KOMPAS.com – Setiap tanggal 10 Muharram, umat Islam memasuki salah satu hari yang memiliki kedudukan istimewa dalam kalender Hijriah, yaitu Hari Asyura.
Hari ini tidak hanya dikenal karena anjuran puasa yang memiliki keutamaan besar, tetapi juga menjadi momentum untuk memperbanyak doa, dzikir, istighfar, dan berbagai amalan kebaikan.
Di tengah kesibukan kehidupan sehari-hari, banyak umat Islam mungkin hanya mengenal puasa Asyura sebagai ibadah utama pada tanggal 10 Muharram.
Baca juga: Puasa Asyura Hapus Dosa Setahun, Ini Keutamaan 10 Muharram
Padahal, para ulama menjelaskan bahwa hari tersebut juga merupakan waktu yang sangat baik untuk bermunajat kepada Allah SWT, memohon ampunan, keselamatan, keberkahan hidup, serta perlindungan dari berbagai musibah.
Keistimewaan Hari Asyura memiliki dasar yang kuat dalam hadis-hadis Nabi Muhammad SAW. Dalam riwayat Imam Muslim, Rasulullah SAW bersabda:
"Puasa pada hari Asyura, aku berharap kepada Allah agar menghapus dosa setahun yang telah lalu."
Hadis ini menunjukkan besarnya rahmat Allah SWT yang diberikan kepada hamba-hamba-Nya pada hari tersebut.
Karena itu, selain berpuasa, umat Islam dianjurkan memperbanyak doa dan dzikir sebagai bentuk penghambaan serta rasa syukur kepada Allah.
Dalam buku Keutamaan Asyura dan Bulan Muharram karya Syaikh Muhammad Shalih Al-Munajjid dijelaskan bahwa Hari Asyura merupakan momentum untuk memperbarui taubat, memperbanyak amal saleh, serta memperkuat hubungan spiritual dengan Allah SWT.
Doa-doa yang dipanjatkan pada hari itu diharapkan menjadi sarana mendekatkan diri kepada-Nya sekaligus memohon keberkahan sepanjang tahun.
Para ulama menjelaskan bahwa Hari Asyura berkaitan dengan sejumlah peristiwa penting dalam sejarah para nabi.

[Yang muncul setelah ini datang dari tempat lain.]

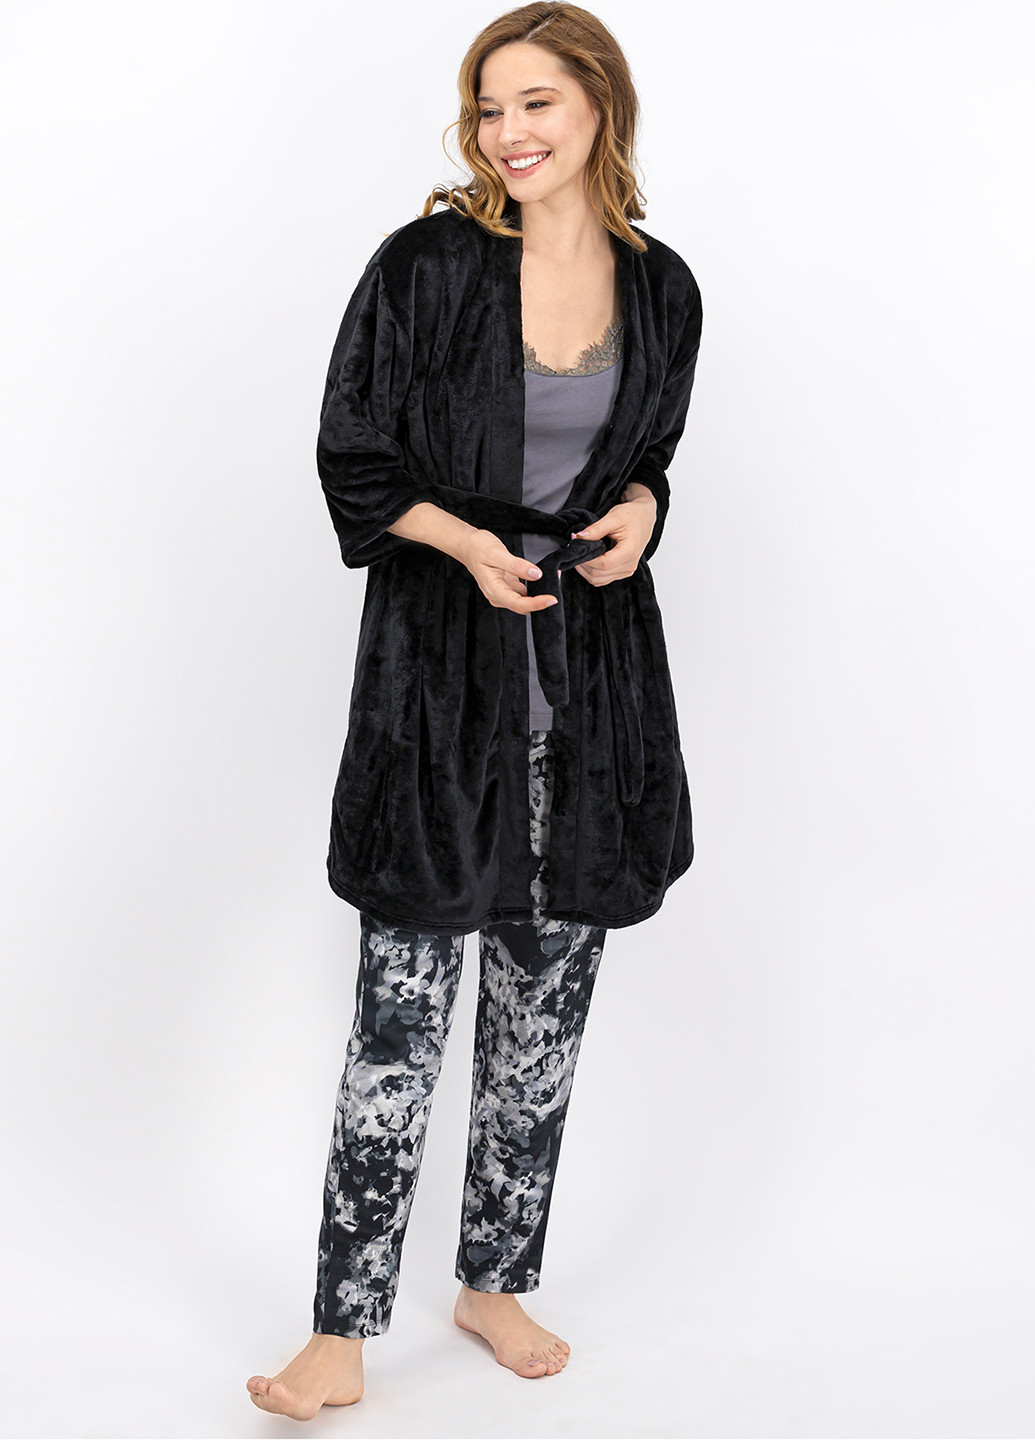 Черная всесезон пижама (халат, майка, брюки) майка + брюки ECROU

Dalam berbagai kitab sejarah Islam disebutkan bahwa pada hari tersebut Allah SWT memberikan pertolongan kepada para nabi-Nya dalam berbagai keadaan sulit.
Di antaranya adalah keselamatan Nabi Musa AS dan Bani Israil dari kejaran Fir'aun, diterimanya taubat Nabi Adam AS, serta diselamatkannya Nabi Nuh AS setelah banjir besar.
Walaupun sebagian riwayat mengenai peristiwa-peristiwa tersebut memiliki tingkat validitas yang berbeda-beda, para ulama sepakat bahwa Hari Asyura tetap merupakan hari yang memiliki keutamaan khusus dalam syariat Islam.
Karena itu, banyak ulama menganjurkan umat Islam memperbanyak doa pada hari tersebut sebagai bentuk pengharapan kepada Allah SWT.
Baca juga: Puasa Muharram Harus Berurutan atau Tidak? Simak Penjelasan Ulama
Doa ini banyak ditemukan dalam kitab Kanzun Najah wa Sururkarya Syekh Abdul Hamid bin Muhammad Ali Kudus dan diamalkan oleh sebagian umat Islam pada Hari Asyura.بِسْمِ اللهِ الرَّحْمٰنِ الرَّحِيْمِ.
وَصَلَّى اللهُ عَلَى سَيِّدِنَا مُحَمَّدٍ وَعَلَى آلِهِ وَصَحْبِهِ وَسَلَّمَ.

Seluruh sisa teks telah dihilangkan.